Writing on this gorgeous early spring Sunday afternoon from my neighborhood country western gay pub. It is not lost on this Southern queer how delightful it is that such a place exists—and in Brooklyn!
I wasn’t ready to go home before the sunset; I wanted to soak in the blue skies, be surrounded by other queer folks, and put my gay dollars to work. But now, my brain is fidgety, and I’m rethinking the wisdom of writing at the bar.

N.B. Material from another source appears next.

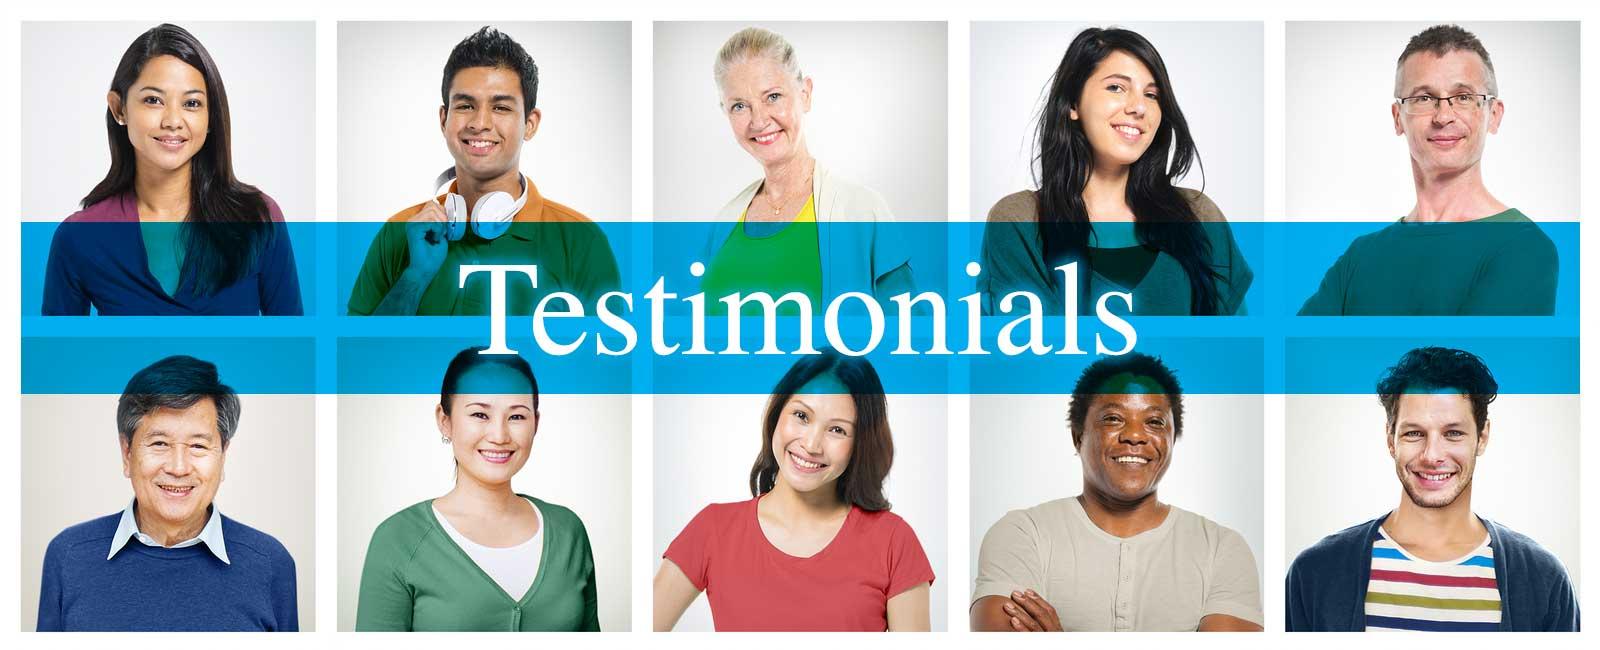 Rentals Testimonials Dd526a529b793fa98ac44dcf3365acc8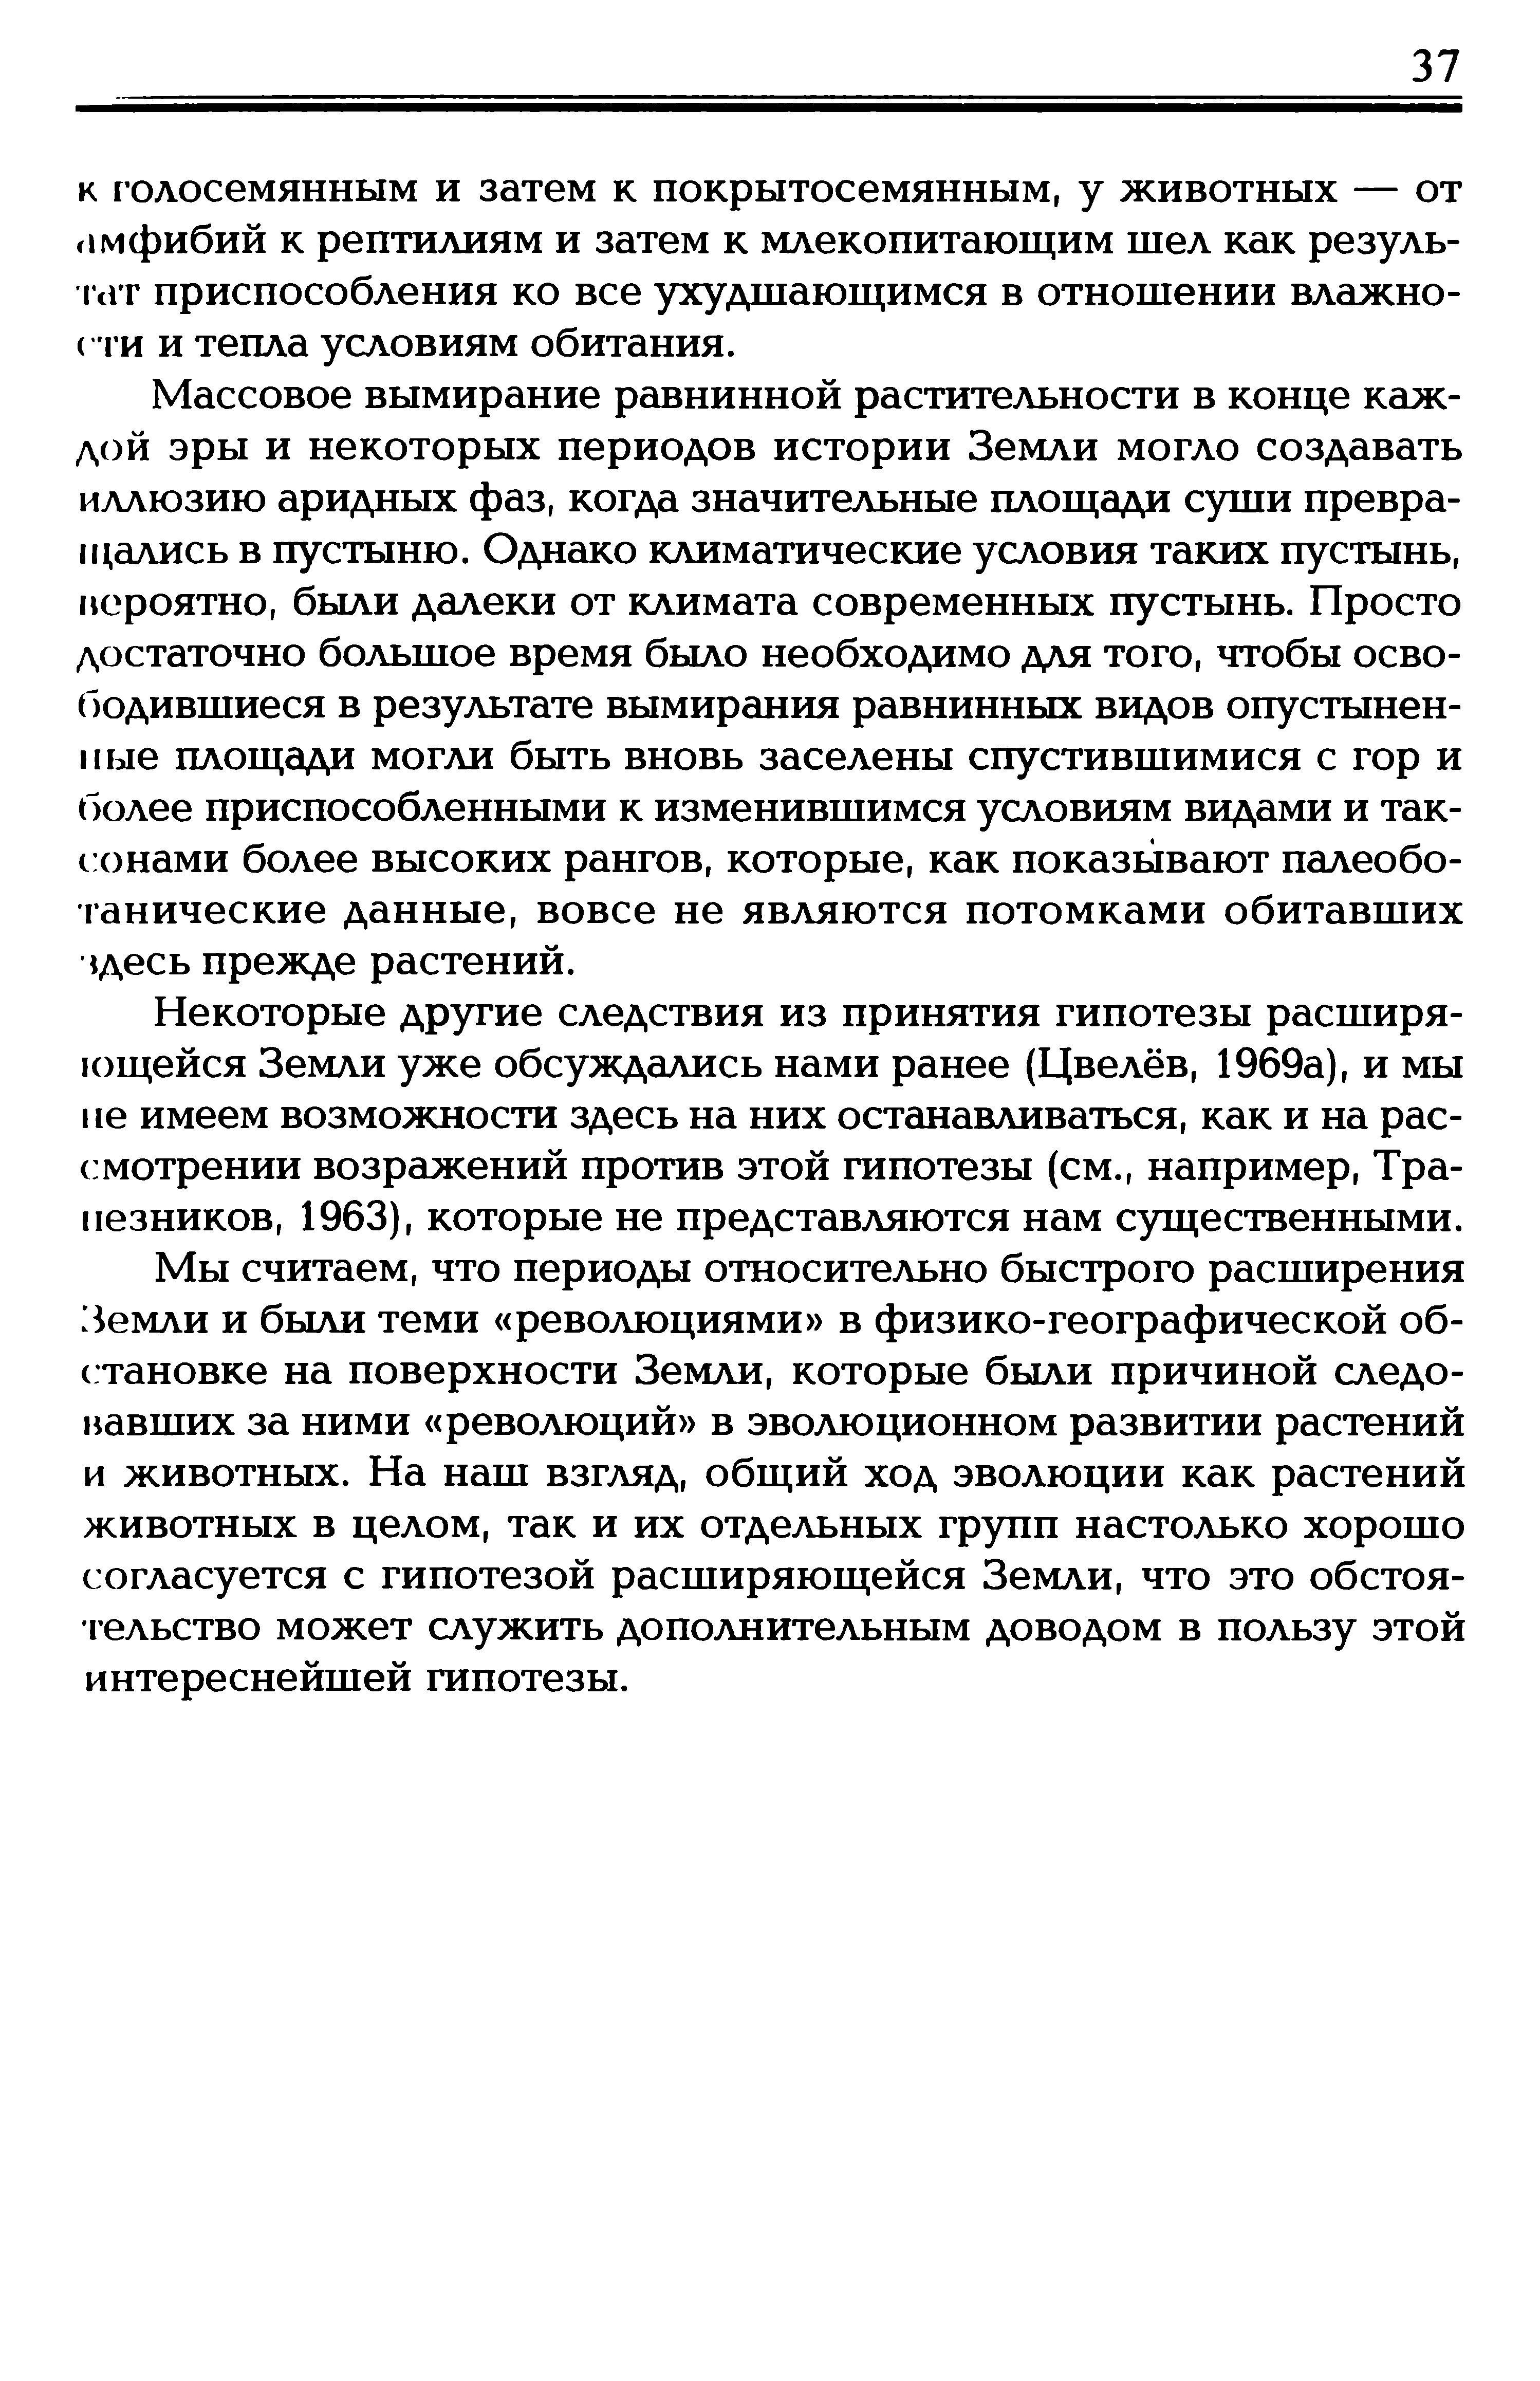 Tzvelev, 2005_2_5.jpg

The truth is, my brain has been fragmented all week. (All month?) There’s a new, growing slice settling into my new job. The section always dedicated to parenting is really a subsection of “all things family (and friends).” That part sits adjacent, ok overlapped, with the sizable portion lit up in the last year by new love. And then, squeezed in all the gaps between obligations, smooshed into the crannies left over from thinking about existential angst, is my artistic, activist, creative soul. That’s where this newsletter lives. And that part? Shattered.
I can’t figure out if I should be looking back or looking forward. I am trying to write about how I got here, how we all got here, and how we might move forward—but I can’t catch a breath long enough to organize my thoughts.
I want to be able to attend an eight-year-old’s Harry Potter-themed birthday party without having to think about the author’s latest round of transphobia. I want to pick up my mail and not be reminded that nearly everyone I know and love—the majority of whom are Jewish and/or queer—is under threat. All of which feels abstract and minor in comparison to the atrocities of war and violence happening as I type in Gaza, in the Ukraine, in Haiti… on and on. I know we are all feeling it.
Overwhelmed by the present and uncertain about the future, I keep looking to the past—if not for answers, then maybe for comfort. And if I’m lucky, for some motivation.
Inspired by seeing the Bayard Rustin biopic a few weeks ago—steps away from the National Mall where he organized the historic 1963 March on Washington for Jobs and Freedom—I decided to revive my research project on the 1993 March on Washington for Lesbian, Gay and Bi-Equal Rights and Liberation. So I went to the library.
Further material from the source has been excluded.